*Records for the task:*
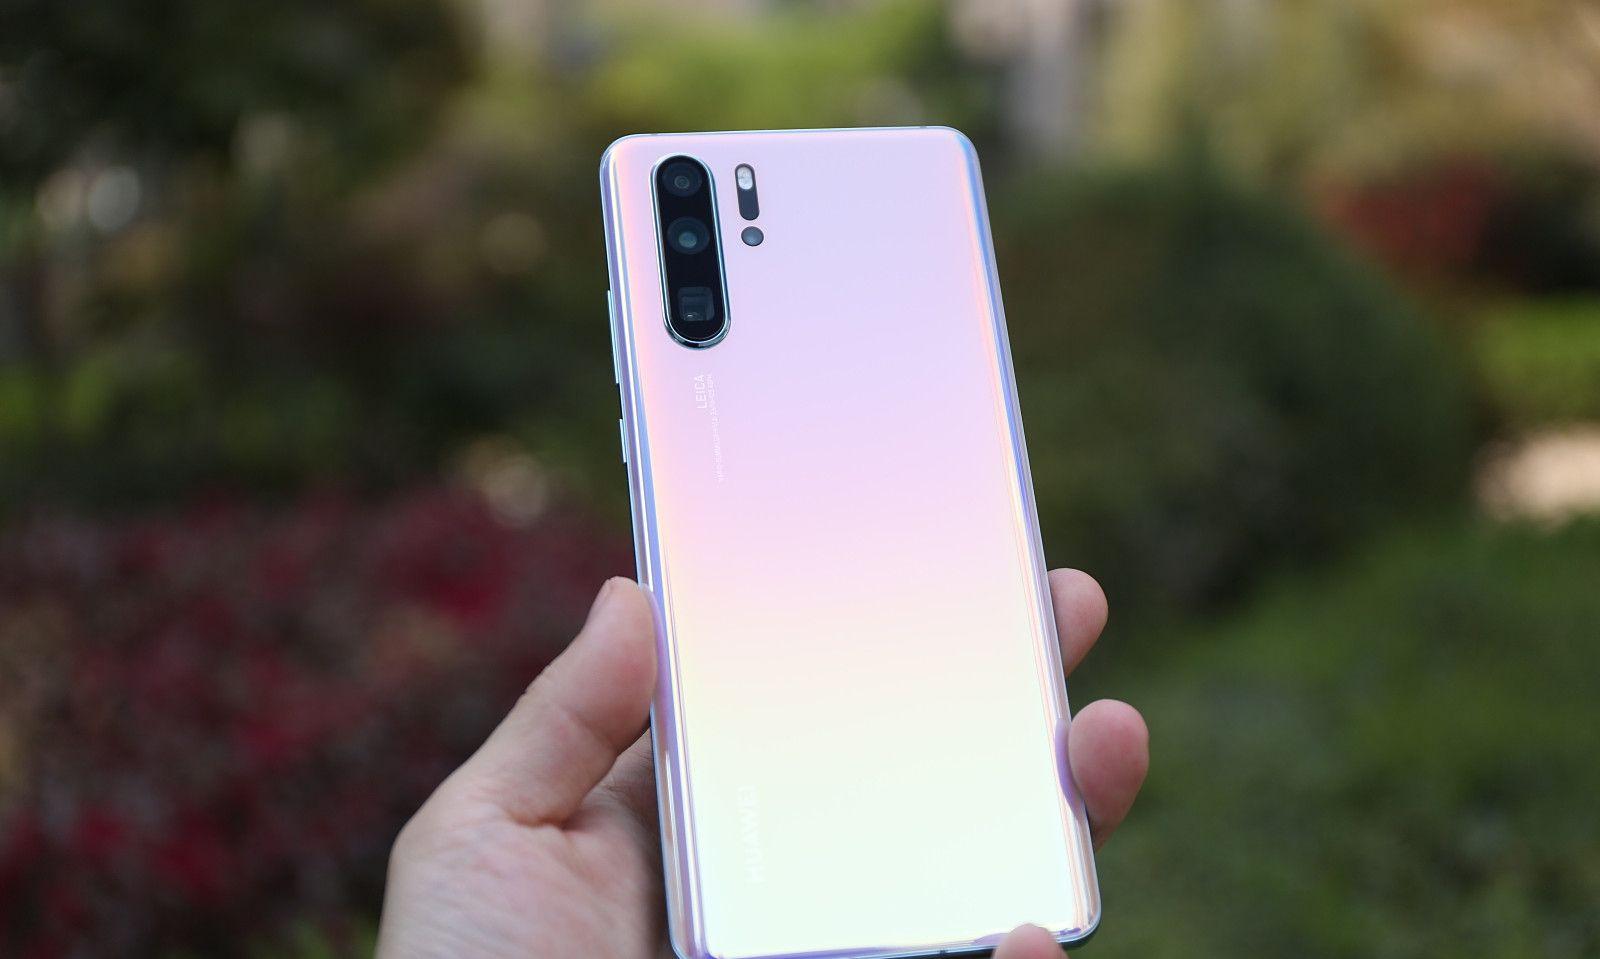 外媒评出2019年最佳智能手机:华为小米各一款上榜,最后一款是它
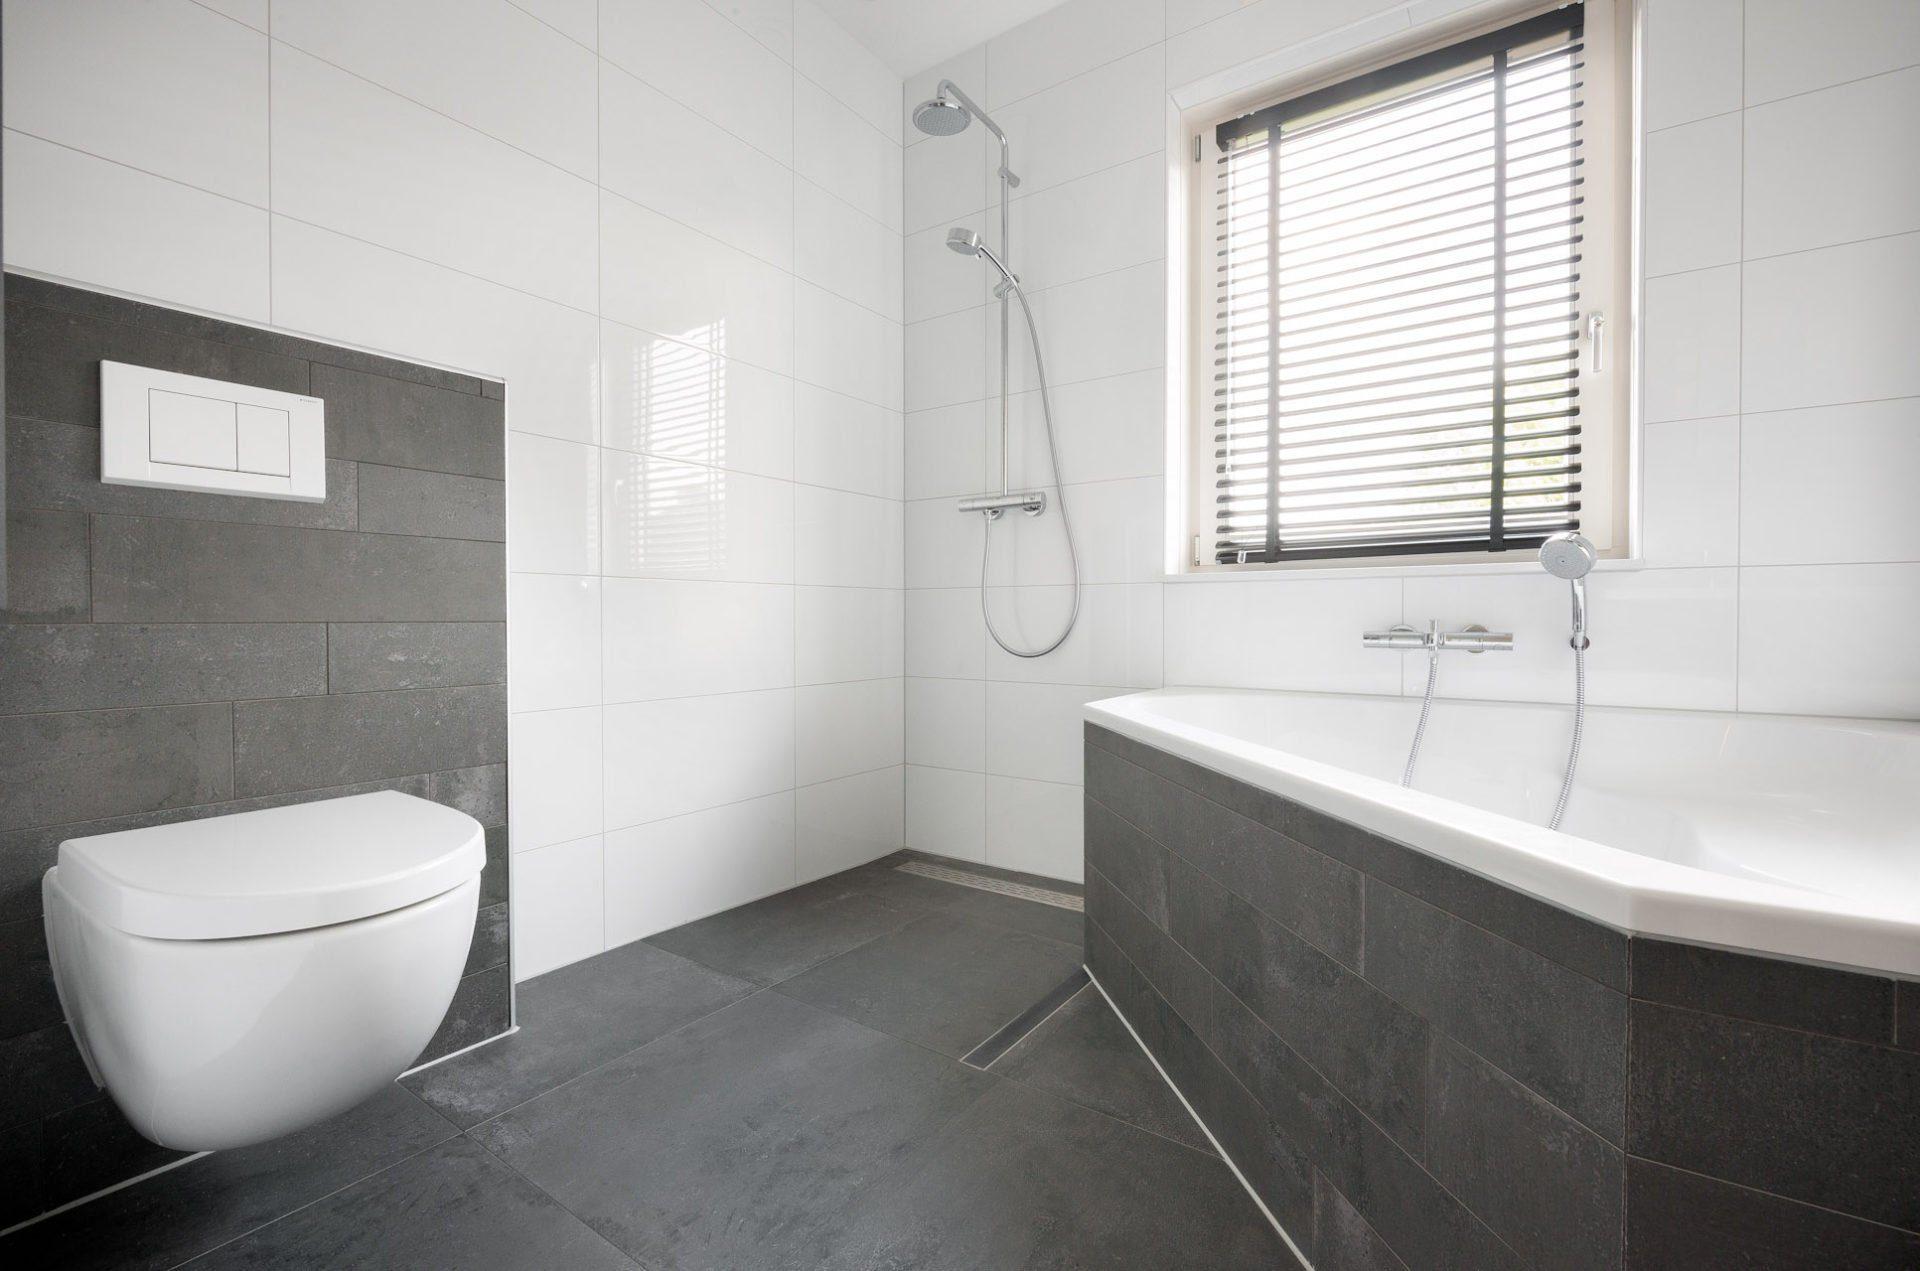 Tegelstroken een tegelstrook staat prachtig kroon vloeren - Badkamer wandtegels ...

==

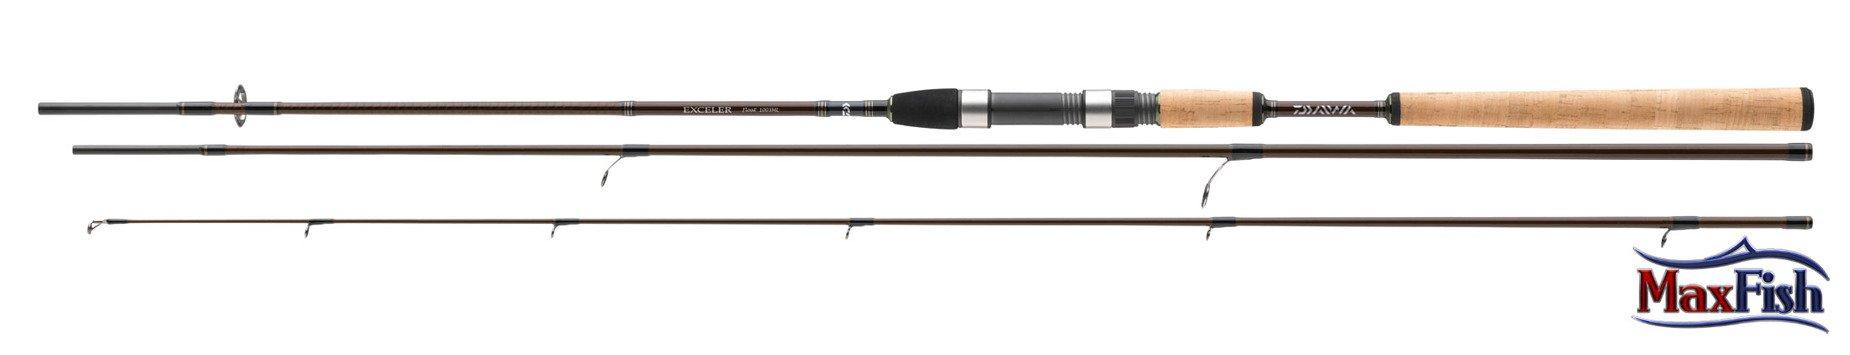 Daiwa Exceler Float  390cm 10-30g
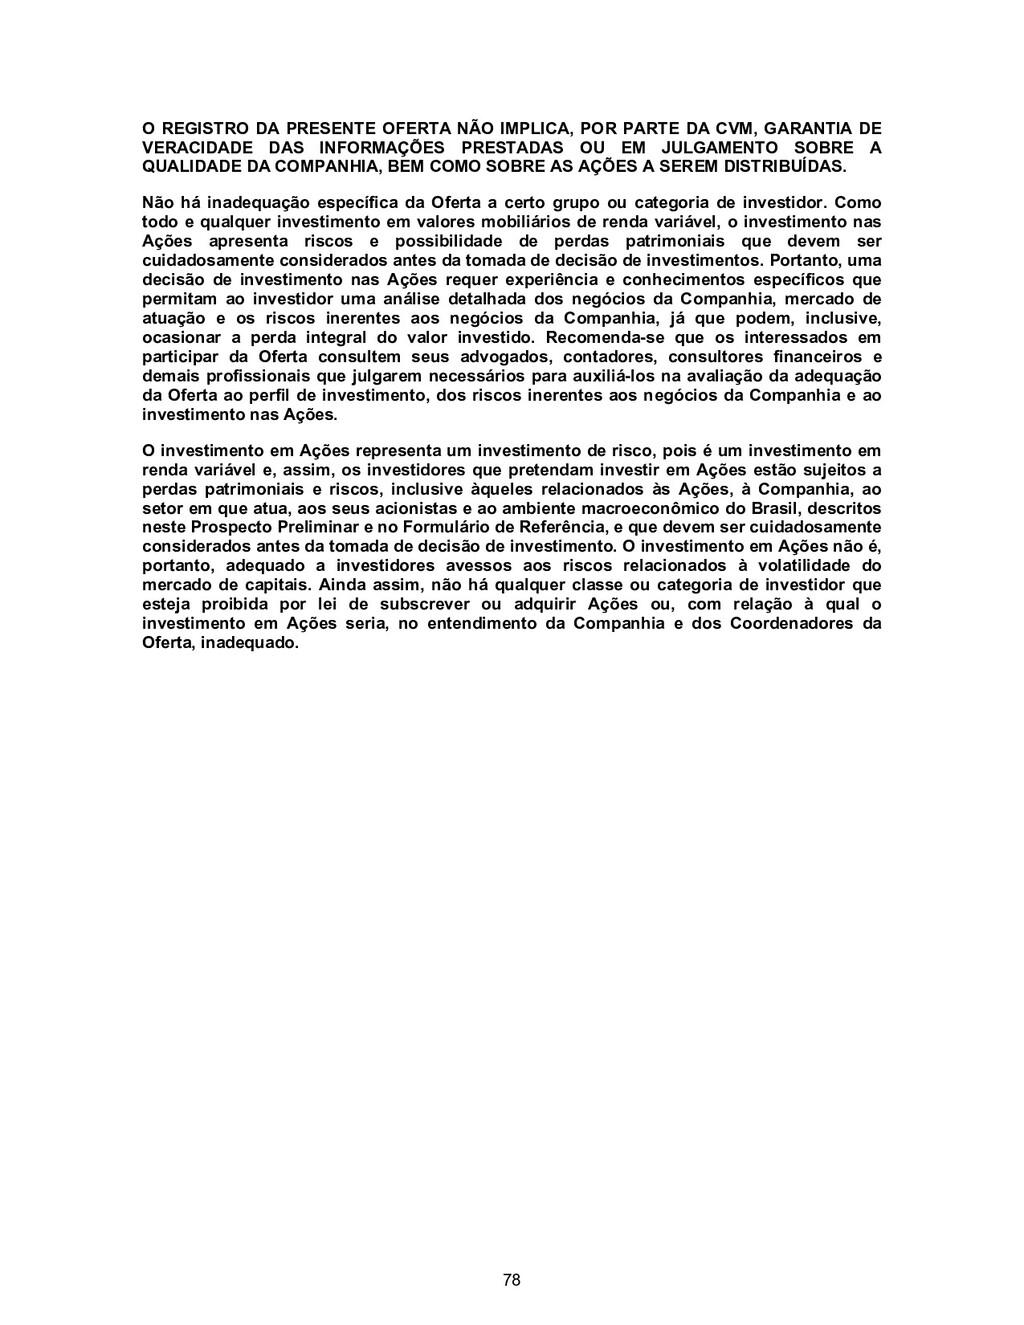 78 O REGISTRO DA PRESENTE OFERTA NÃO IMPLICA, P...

---

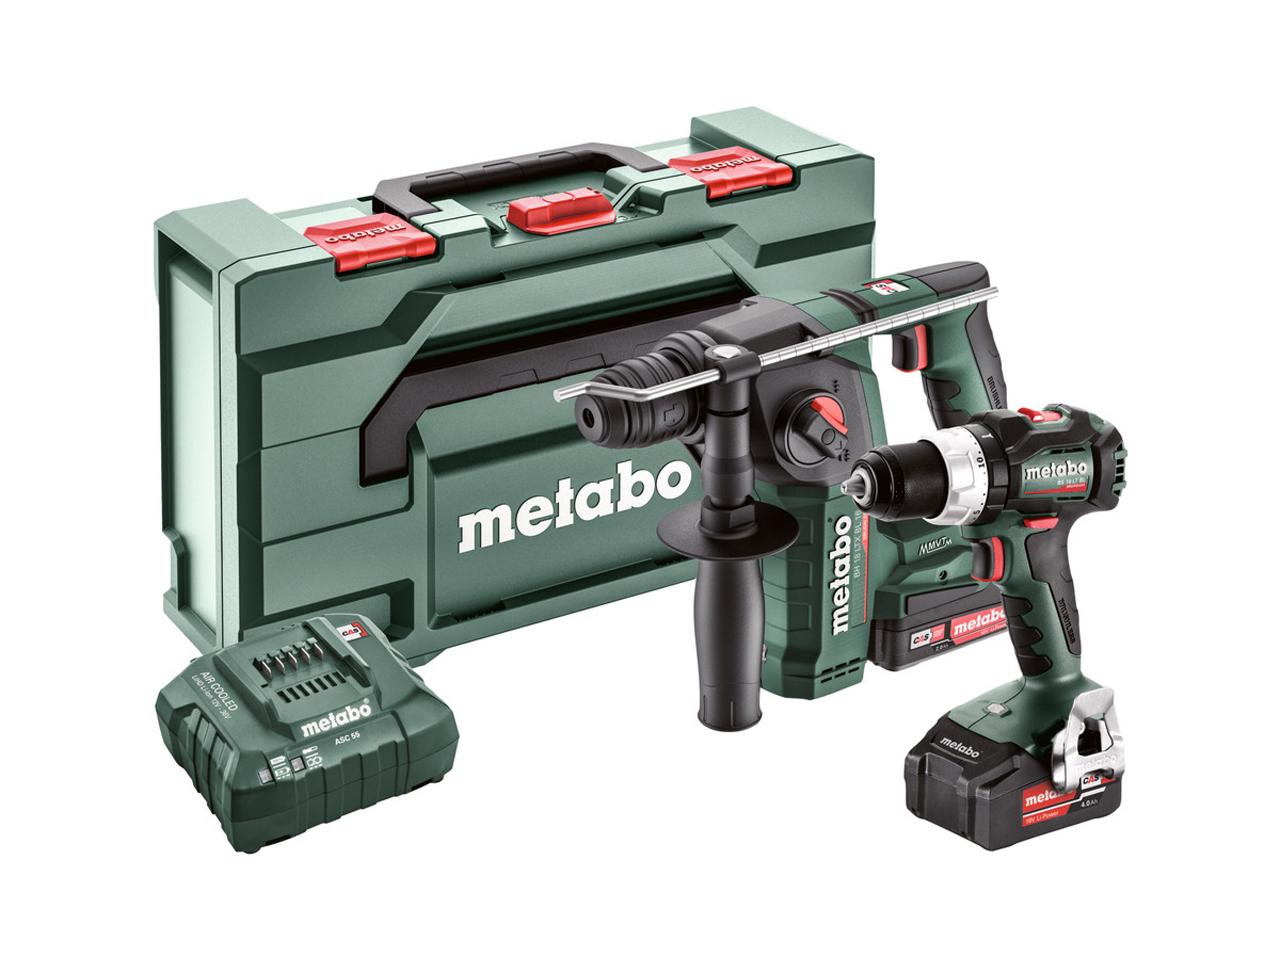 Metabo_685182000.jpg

*What to do:*
Although the records above contain pictures, the copy should not; retype exactly the lines from the one containing "Daiwa Exceler Float" through the one containing "78 O REGISTRO".

*Answer space:*
 Daiwa Exceler Float  390cm 10-30g
 78 O REGISTRO DA PRESENTE OFERTA NÃO IMPLICA, P...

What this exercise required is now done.